Create summary embeddings for groups of related chunks
"""
# Group chunks by topic/section
grouped_chunks = group_by_topic(chunks)
summaries = []
for group in grouped_chunks:
# Use Claude to create a summary of the group
summary = client.messages.create(
model="claude-3-haiku-20240307",
max_tokens=300,
messages=[{
"role": "user",
"content": f"Summarize the following documents:\n\n{'\n\n'.join(group)}"
}]
).content[0].text
summaries.append({
"summary": summary,
"chunks": group,
"embedding": vo.embed([summary], model="voyage-2").embeddings[0]
})
return summaries
How it works:
- First, retrieve relevant summaries
- Then, retrieve chunks from the most relevant summary groups
- This provides better context for multi-chunk queries
Level 3: Summary Indexing with Re-Ranking
Add a re-ranking step using Claude to improve retrieval quality:
def rerank_with_claude(query, retrieved_chunks):
"""
Use Claude to re-rank retrieved chunks by relevance
"""
chunk_list = "\n\n".join([
f"Chunk {i+1}: {chunk[:200]}..."
for i, chunk in enumerate(retrieved_chunks)
])
prompt = f"""Rank these document chunks by relevance to the query.
Query: {query}
Chunks:
{chunk_list}
Return only the numbers in order of relevance (most relevant first)."""
response = client.messages.create(
model="claude-3-haiku-20240307",
max_tokens=100,
messages=[{"role": "user", "content": prompt}]
)
# Parse Claude's ranking
ranked_indices = parse_ranking(response.content[0].text)
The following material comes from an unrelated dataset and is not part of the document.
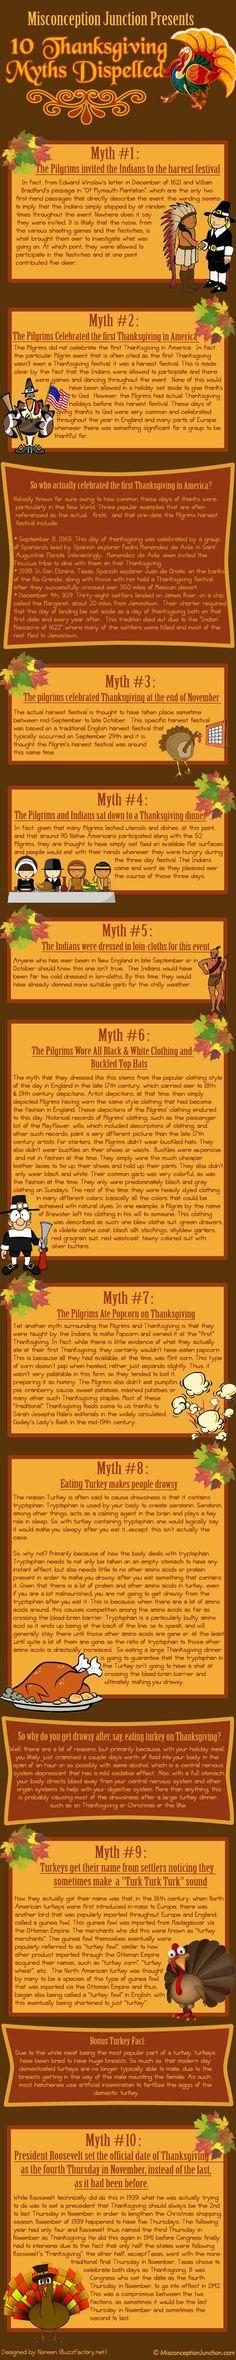 10 Myths of Thanksgiving

# Reorder chunks based on Claude's ranking
return [retrieved_chunks[i] for i in ranked_indices]
Performance Improvements
Through these optimizations, we achieved significant gains:
| Metric | Basic RAG | Optimized RAG | Improvement |
|---|---|---|---|
| Avg Precision | 0.43 | 0.44 | +2.3% |
| Avg Recall | 0.66 | 0.69 | +4.5% |
| Avg F1 Score | 0.52 | 0.54 | +3.8% |
| Avg MRR | 0.74 | 0.87 | +17.6% |
| End-to-End Accuracy | 71% | 81% | +14.1% |
Production Considerations
- Vector Database Selection: For production, use hosted solutions like Pinecone, Weaviate, or pgvector
- Chunking Strategy: Experiment with different chunk sizes and overlap based on your content
- Embedding Models: Voyage AI works well, but also consider OpenAI, Cohere, or open-source alternatives
- Caching: Implement caching for frequent queries to reduce costs and latency
- Monitoring: Track retrieval metrics and answer quality in production
Key Takeaways
- Start with Basic RAG: Implement a simple pipeline with document chunking, embedding, and cosine similarity retrieval before adding complexity.
- Build Robust Evaluations: Move beyond subjective assessment by measuring precision, recall, F1, MRR, and end-to-end accuracy with a proper evaluation dataset.
- Use Summary Indexing for Complex Queries: When questions require synthesis across multiple documents, hierarchical summary indexing significantly improves retrieval quality.
- Implement Re-Ranking: Add a Claude-powered re-ranking step to refine retrieval results, improving MRR by 17.6% in our tests.
- Measure and Iterate: Continuously evaluate your system and implement targeted improvements—our optimizations increased end-to-end accuracy from 71% to 81%.